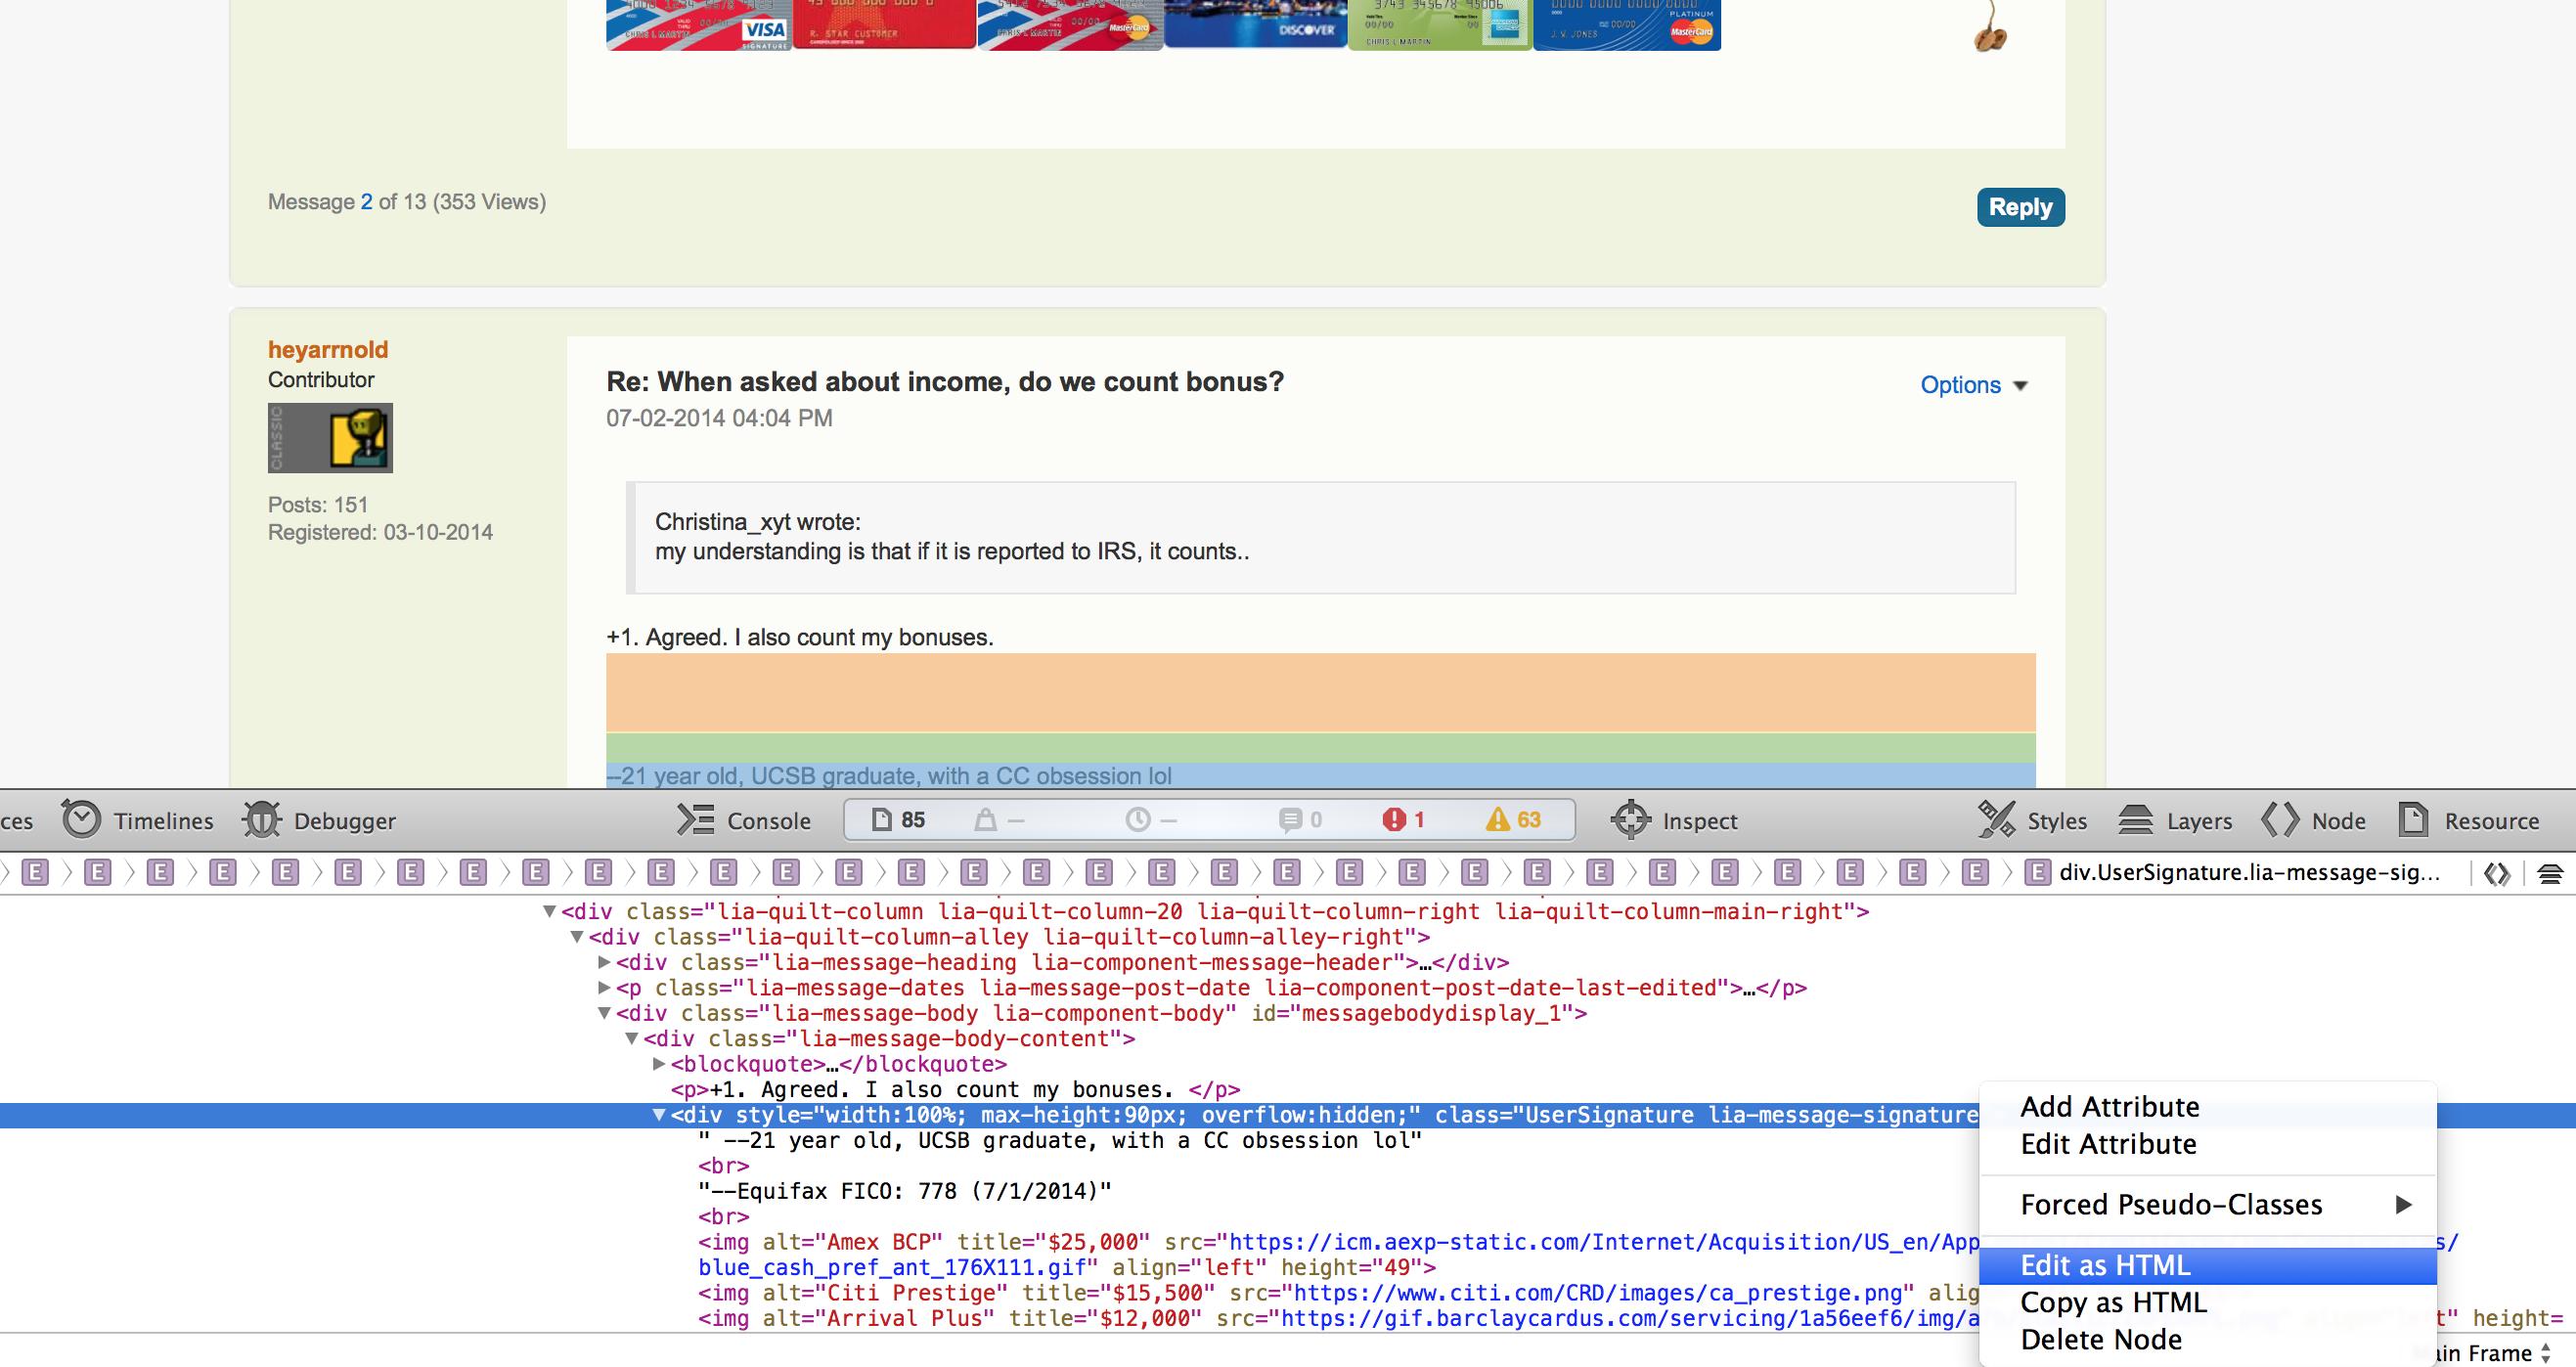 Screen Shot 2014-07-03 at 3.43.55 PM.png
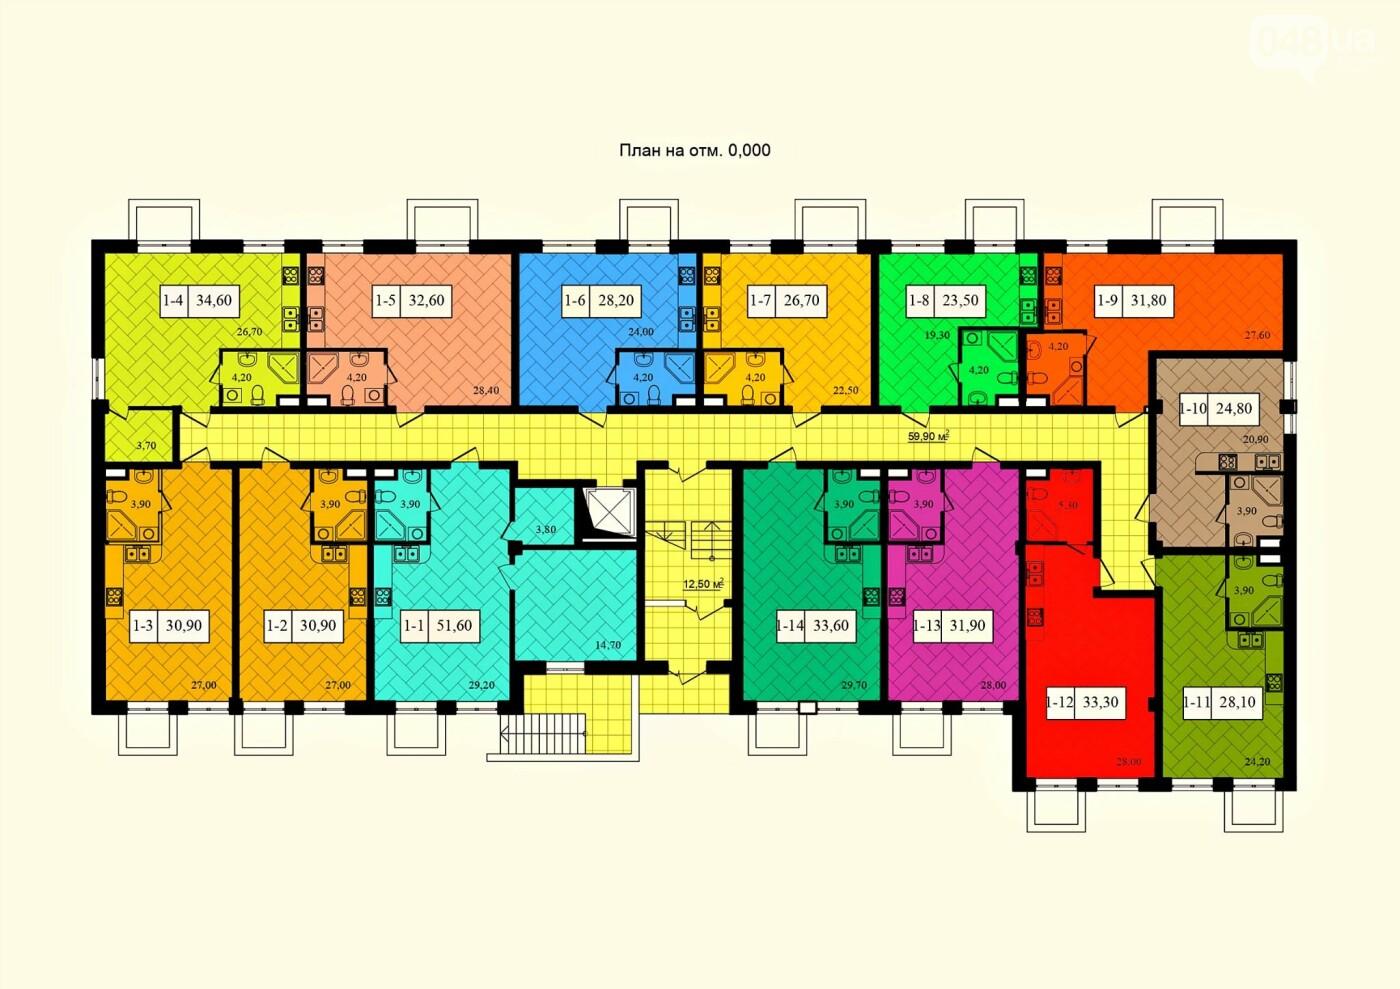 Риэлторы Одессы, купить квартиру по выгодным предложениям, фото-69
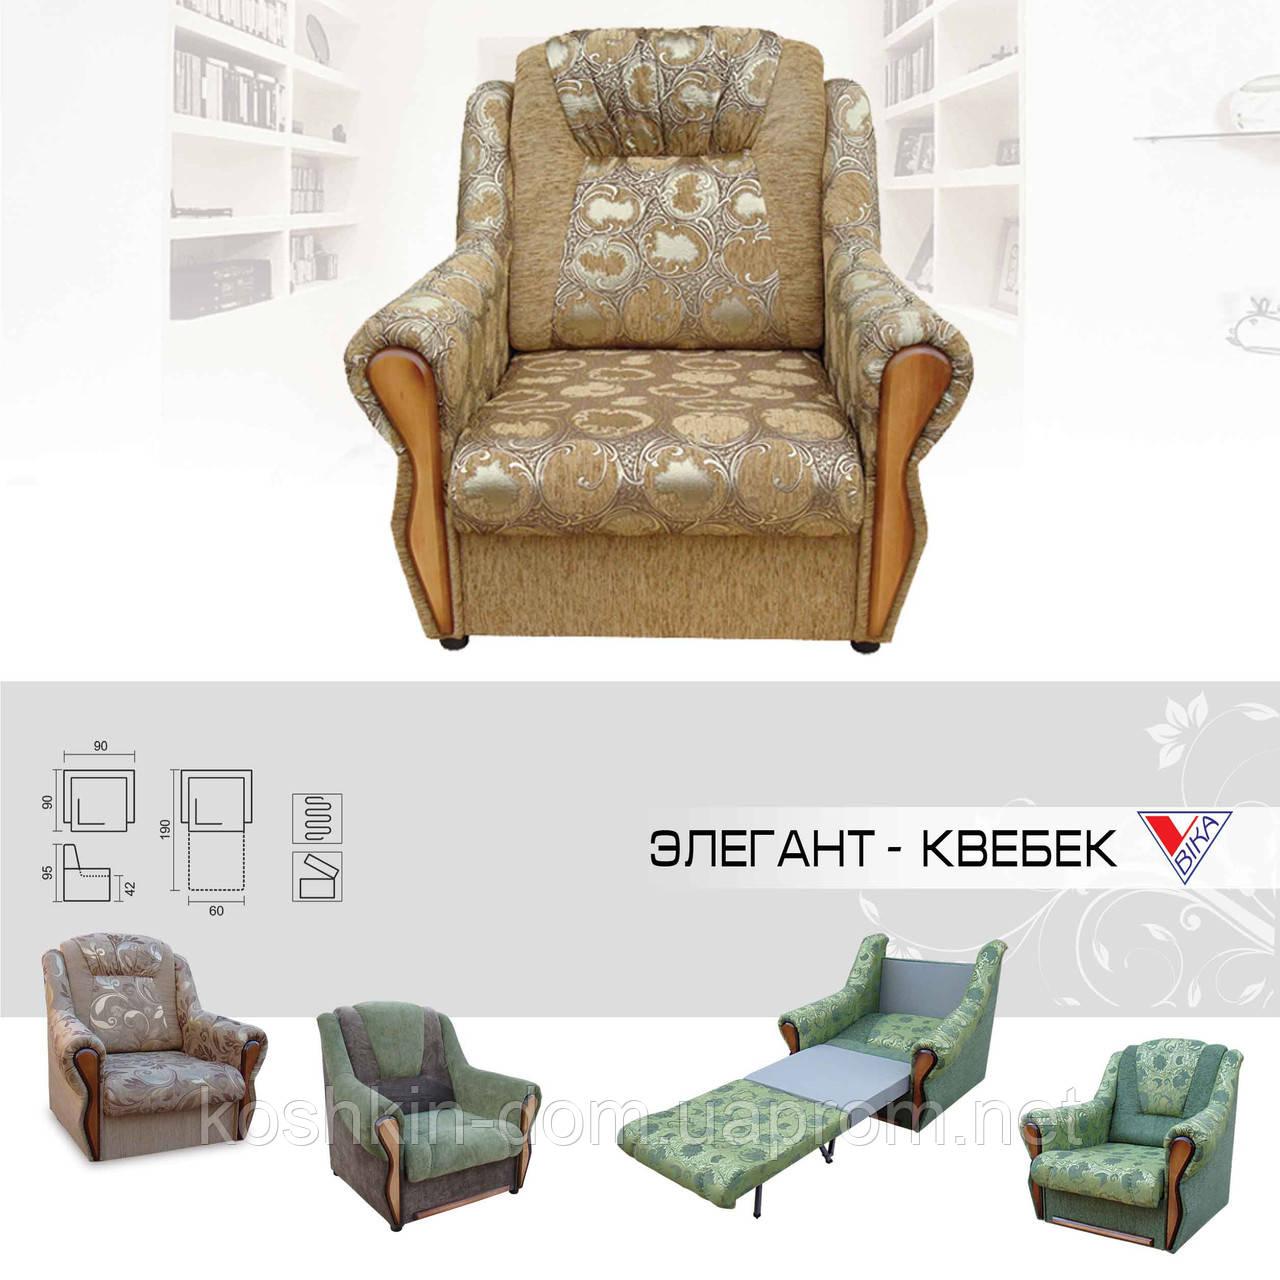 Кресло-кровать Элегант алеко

● ● ● ● ●

* **Prompt**
Copy every line of the data exactly as written, excluding the pictures.

* **Worked solution**
 Screen Shot 2014-07-03 at 3.43.55 PM.png
 Риэлторы Одессы, купить квартиру по выгодным предложениям, фото-69
 Кресло-кровать Элегант алеко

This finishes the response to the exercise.